● Records shown
═══

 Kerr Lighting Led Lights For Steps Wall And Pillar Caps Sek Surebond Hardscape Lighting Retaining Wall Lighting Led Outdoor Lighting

═══

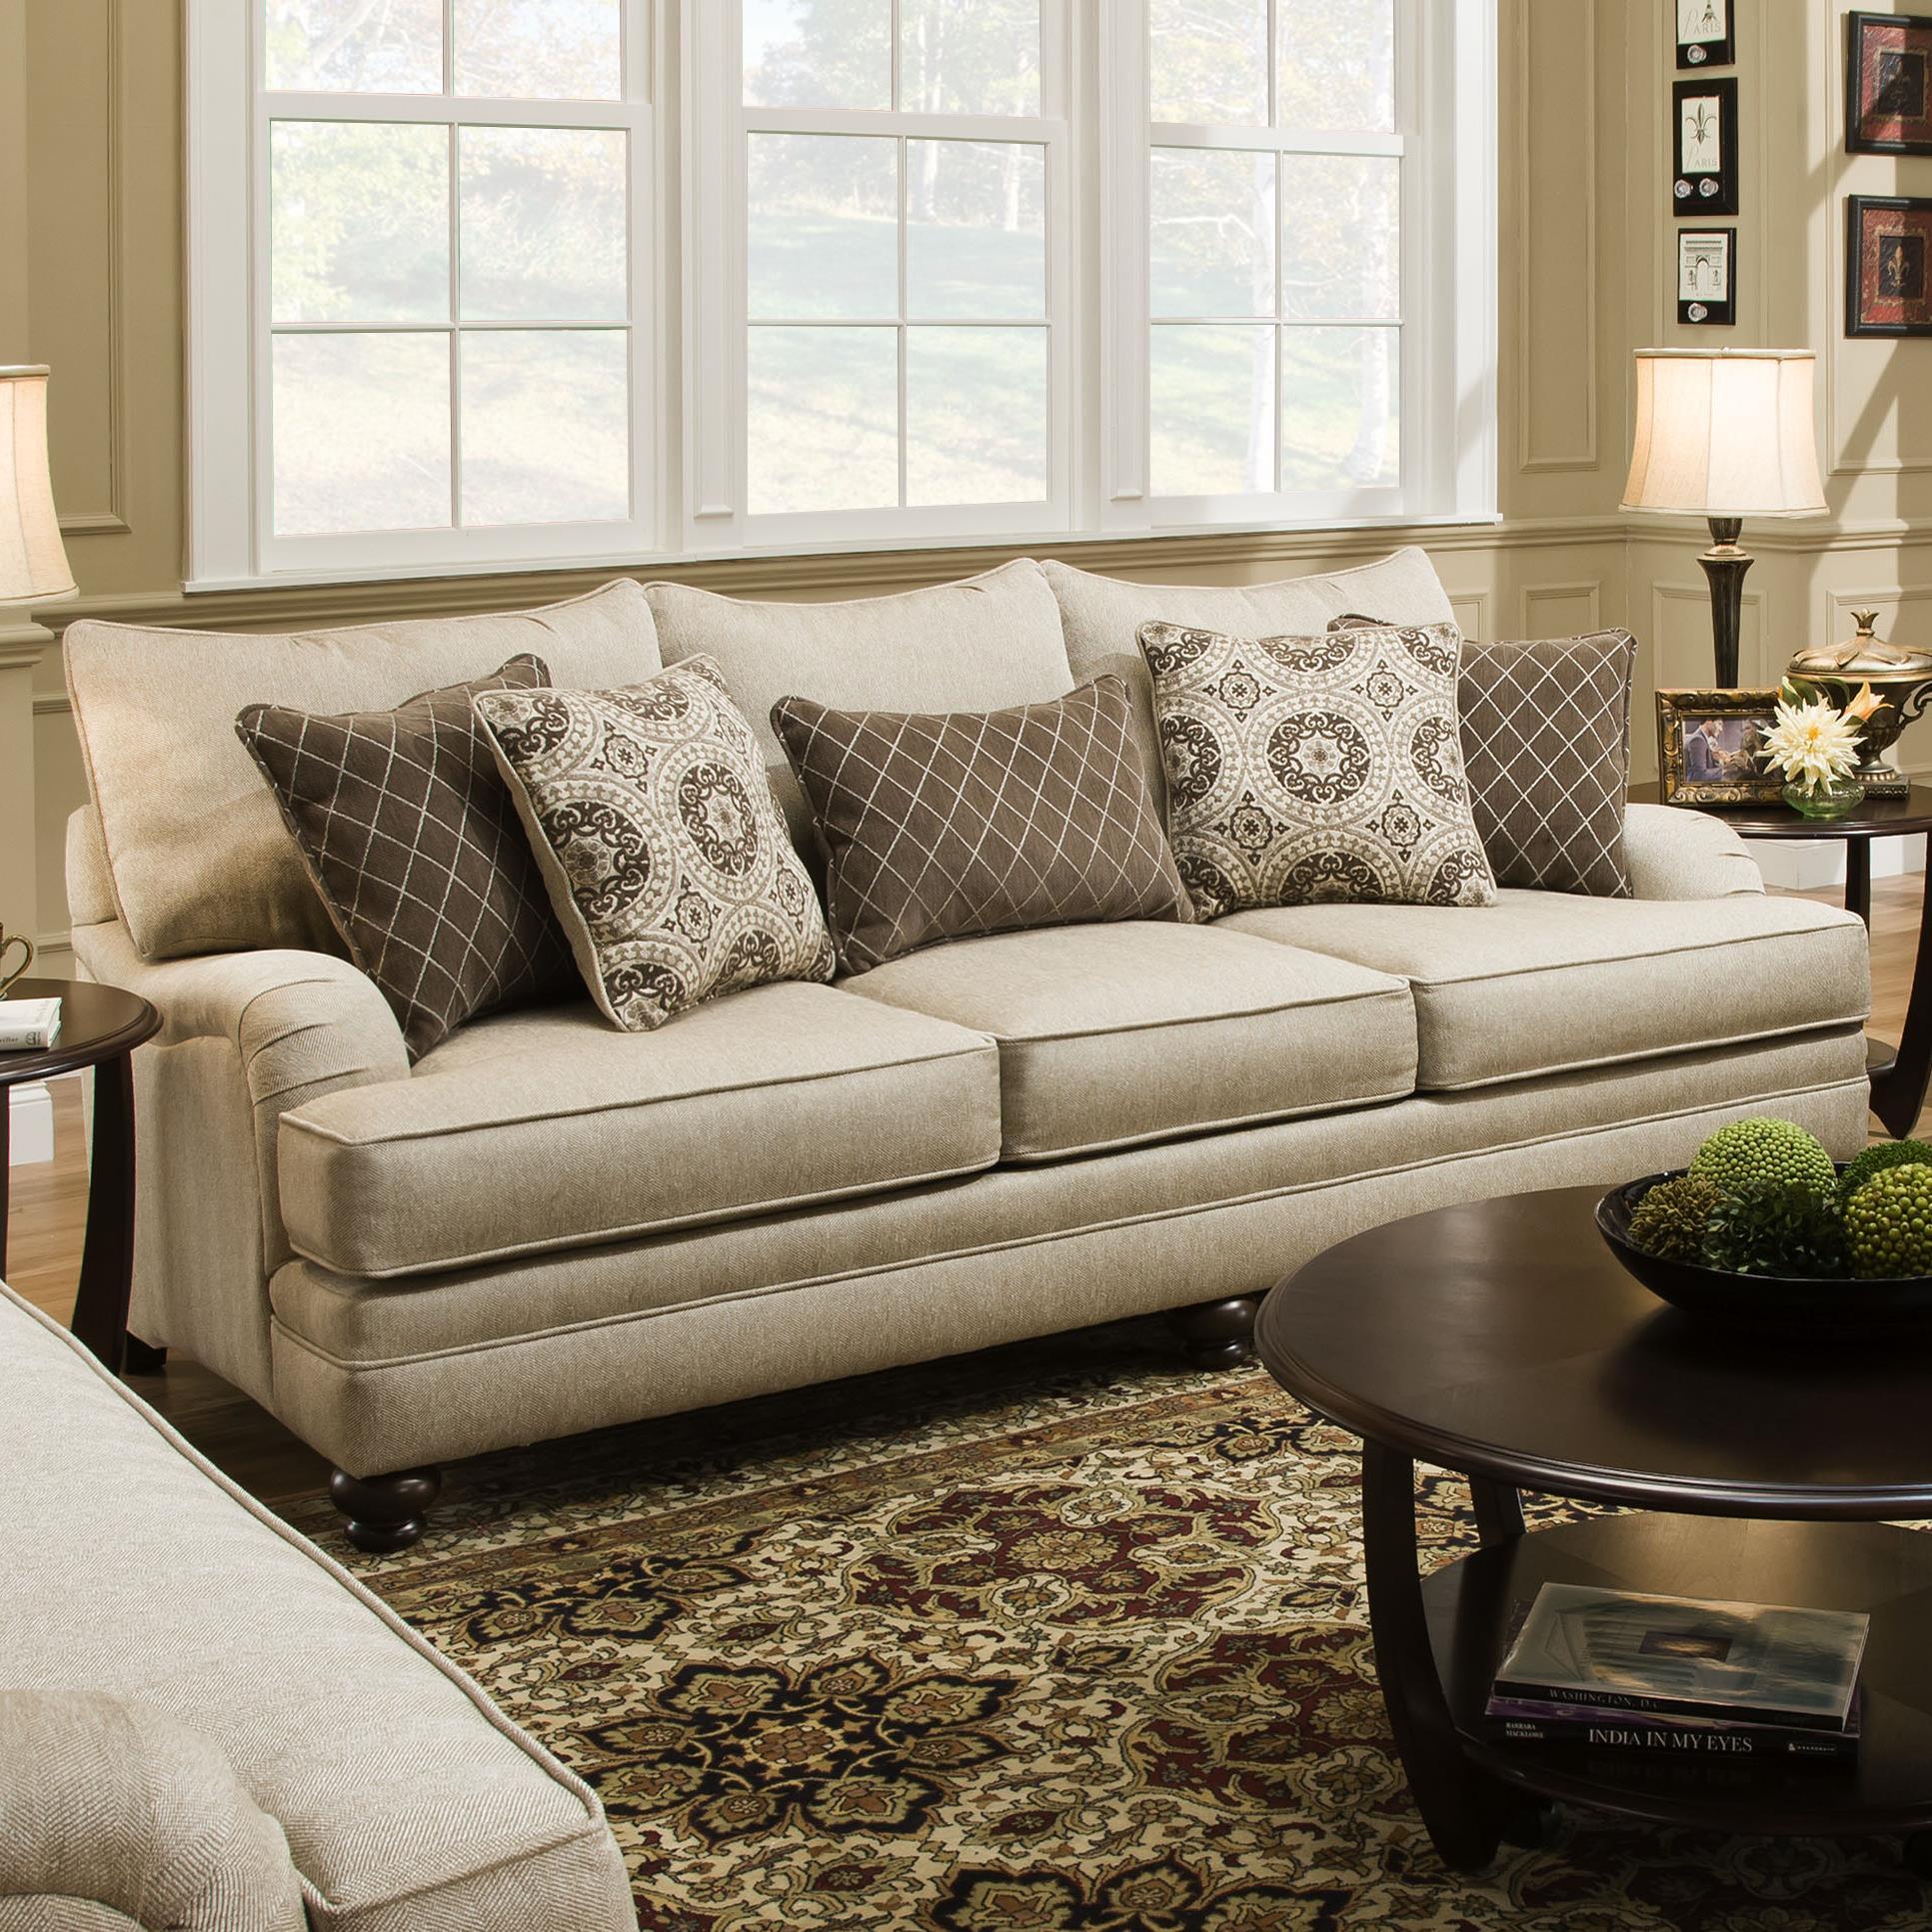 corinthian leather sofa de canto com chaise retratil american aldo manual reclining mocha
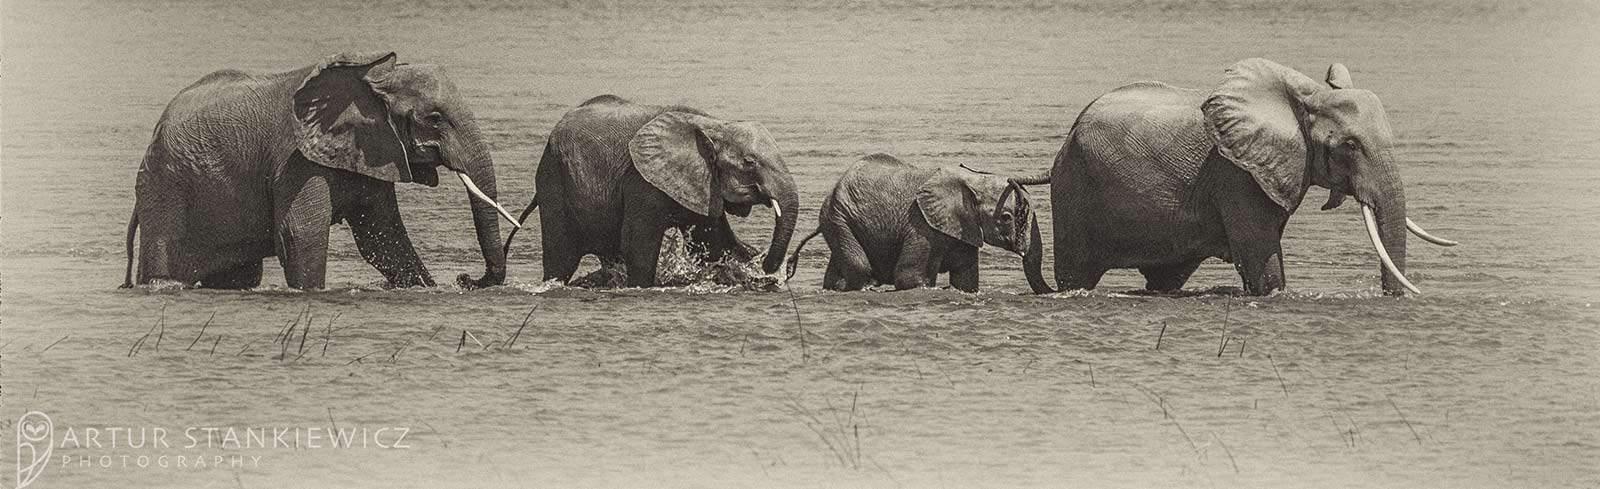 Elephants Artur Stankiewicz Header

═══

● Directions for this task
Repeat the lines above exactly, beginning with the one containing "corinthian leather sofa" and finishing with the one containing "Elephants Artur Stankiewicz Header". No pictures belong in the copy.

● Result of the exercise
 corinthian leather sofa de canto com chaise retratil american aldo manual reclining mocha
 Elephants Artur Stankiewicz Header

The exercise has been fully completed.